Judging by golden tweets like this one, FJM’s crowd-mingling antics continue to be a hit. Last weekend an adorable middle-aged Austin couple nearby were admiring Josh Tillman’s irrepressible swagger. “He is smoooth,” the man said. “You know Shiny Ribs?” He asked. “He is exactly like this.”
Tillman’s intensity and sarcasm were a hit in the hot ACL day stage once again. Instead of ragging the crowd for what he declared was undoubtedly a veritable orgy of hedonism, on weekend two, he sarcastically suggested methamphetamines to keep the energy up.
Drugs aside, there was a hit new drink trend making waves at Saturday’s ACL. It’s called water, and judging by the lines at the filling station, mid-afternoon, it was beating beer ten to one.
For good reason. While waiting in the long water line, a girl in front of me sat down. When she got up, she gave her friends a fright by simply taking off. “She went to throw up,” her friend said. Heat stroke is real, folks. Welcome to October in Texas.
At last weekend’s Father John Misty show, a petite young woman near us just dropped, like a puppet whose strings were cut. Police came after awhile, and EMS a whine after that. Heat stroke again, it seemed.
After Father John went out on a banger, came Shakey Graves, in his Macho Man Randy Savage sunglasses. Even the local boy hollered at the heat as he brought his band back. “At this portion of this eveni…aftern, uh….seering hot oven…”
After waiting in a line to exit the festival (hooray for re-entry, but this is so annoying, ACL), you came upon the dusty, chaotic corner where the throngs enter the fest and the scalpers congregate to do their thing. This corner’s already been a mess of golf carts trying to cross the path as hundreds of people trying to get in. The fest now has de facto traffic cops running traffic, but it’s a whistleblowing mess.

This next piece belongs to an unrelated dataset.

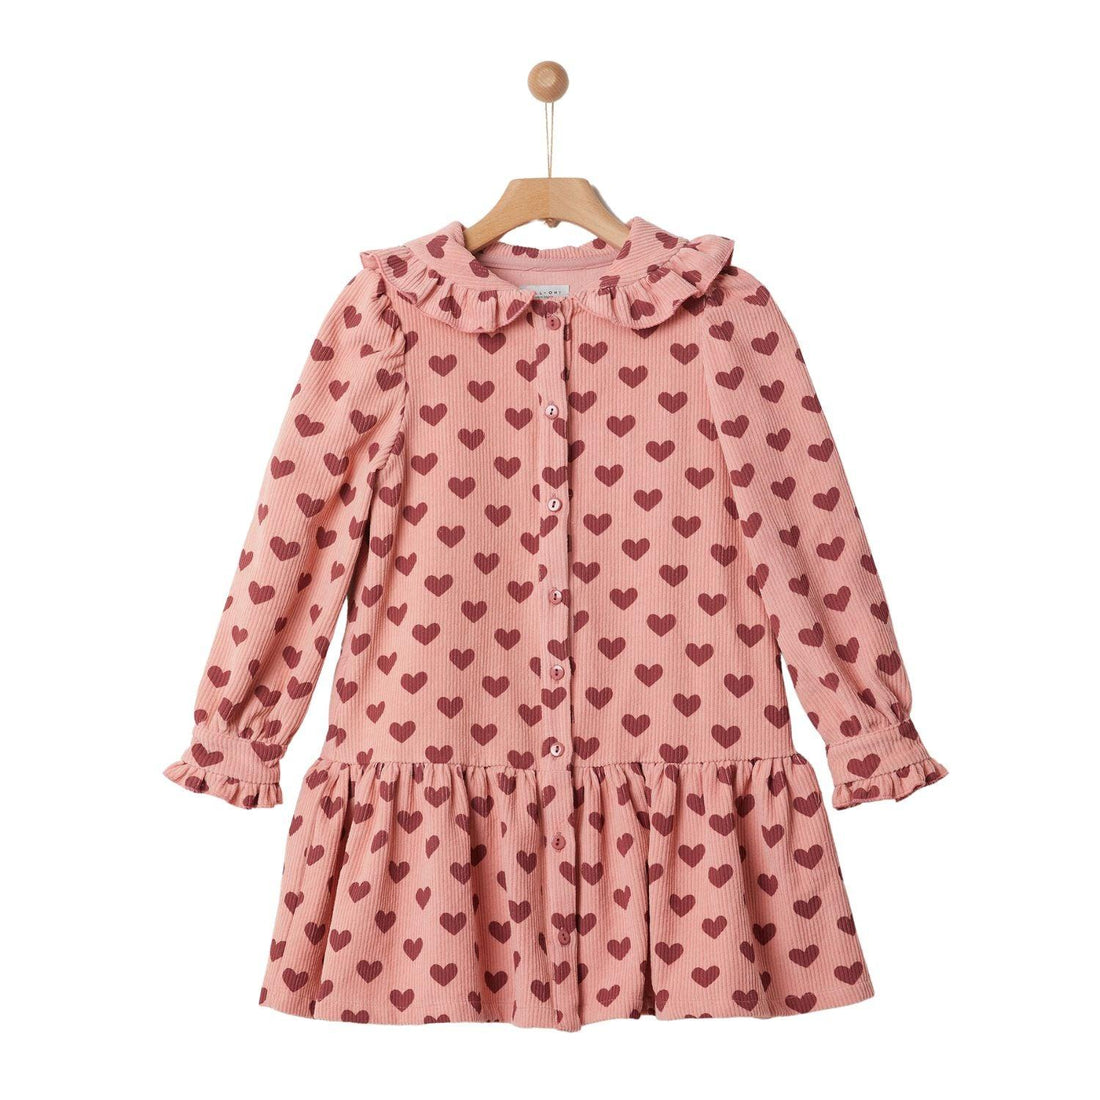  Pink Hearts All Over Shirt Collar Cordurory Dress - My Little Thieves

And it got messier Saturday afternoon as there seemed to be a congress of scalpers buying and selling wristbands, in serious numbers. Maybe some of those folks were waiting for friends, but as I left to cross the street, a security guy hollered real loud, “If you don’t have a wristband, you have to leave!” He said that a few times and seem to get a dozen or more folks to to at least cross the street, but that’s as far as they went. Later in the evening, the same spot was full of kids debating jumping the fence, or making deals with scalpers. Lesson here? People really want to see Drake.